Streptococcus pyogenes (ou streptocoque du groupe A, SGA) est un pathogène strictement humain dont le réservoir naturel est principalement constitué par le pharynx. La contamination interhumaine est aérienne (gouttelettes) ou par contact direct ou indirect à partir de lésions cutanées.
S. pyogenes est responsable d’un large spectre de pathologies, allant d’infections bénignes fréquentes telles que l’angine et la scarlatine, à des infections sévères, plus rares, mais de mauvais pronostic telles que la fasciite nécrosante, le syndrome de choc toxique streptococcique (SCTS) ou la fièvre puerpérale. Ces manifestations cliniques aiguës peuvent se compliquer de séquelles post-infectieuses auto-immunes comme le rhumatisme articulaire aigu et la glomérulonéphrite aiguë, en particulier en cas d’antibiothérapie mal conduite.
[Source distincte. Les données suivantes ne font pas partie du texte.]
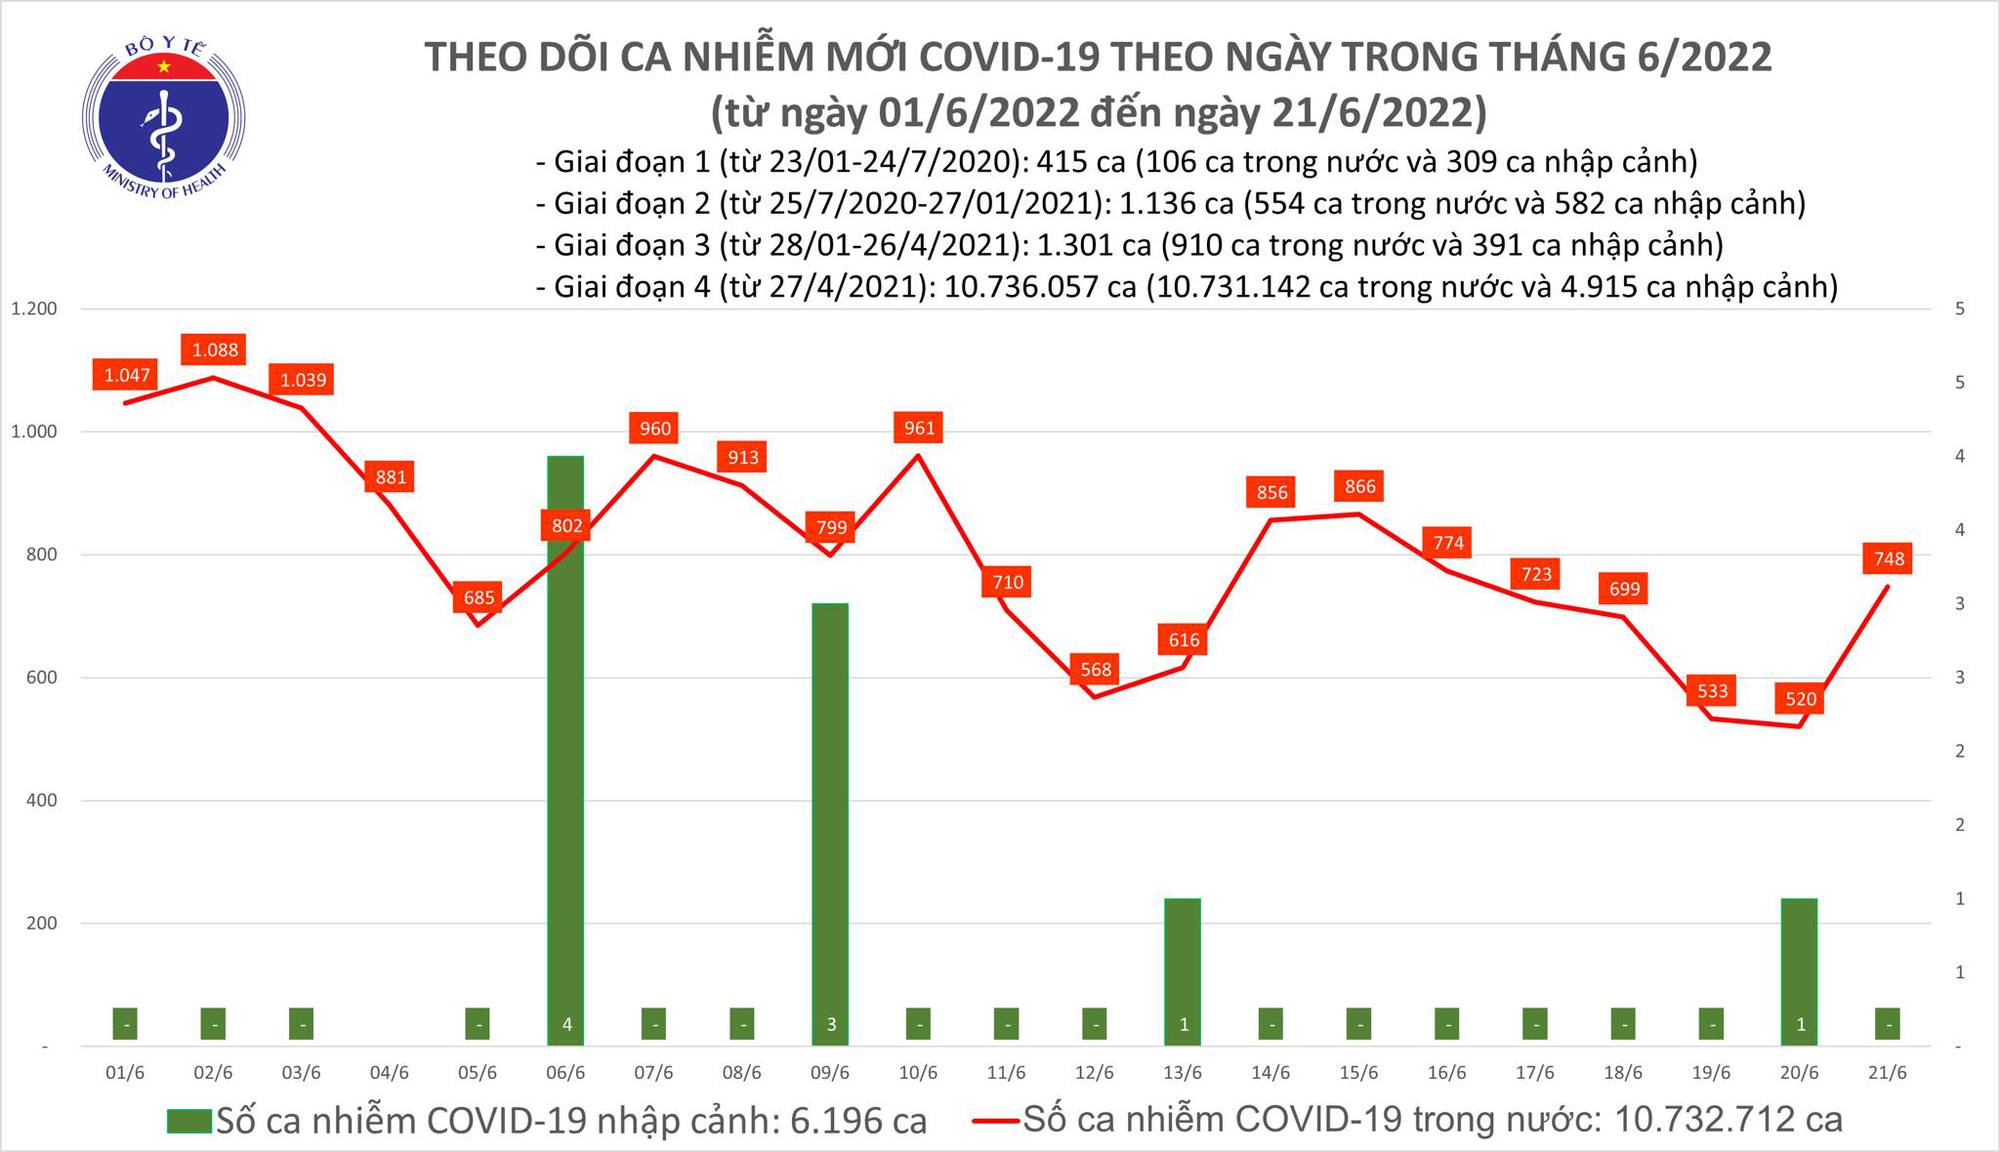 Ngày 21/6: Ca COVID-19 tăng lên 748; có 1 F0 tử vong tại Bến Tre

Une recrudescence des infections à S. pyogenes a été décrite depuis les années 1980, survenant sous forme de bouffées épidémiques, la dernière datant de l’automne 2022, à la faveur de différents clones.
La diversité des manifestations cliniques est associée à de nombreux facteurs de virulence parmi lesquels la protéine M de surface, les streptolysines et les toxines superantigéniques. La protéine M, codée par le gène emm, est immunogène et présente une grande diversité antigénique. En outre, S. pyogenes possède jusqu’à 11 gènes distincts codant des toxines superantigéniques pouvant être responsables d’une stimulation immunitaire massive conduisant au SCTS.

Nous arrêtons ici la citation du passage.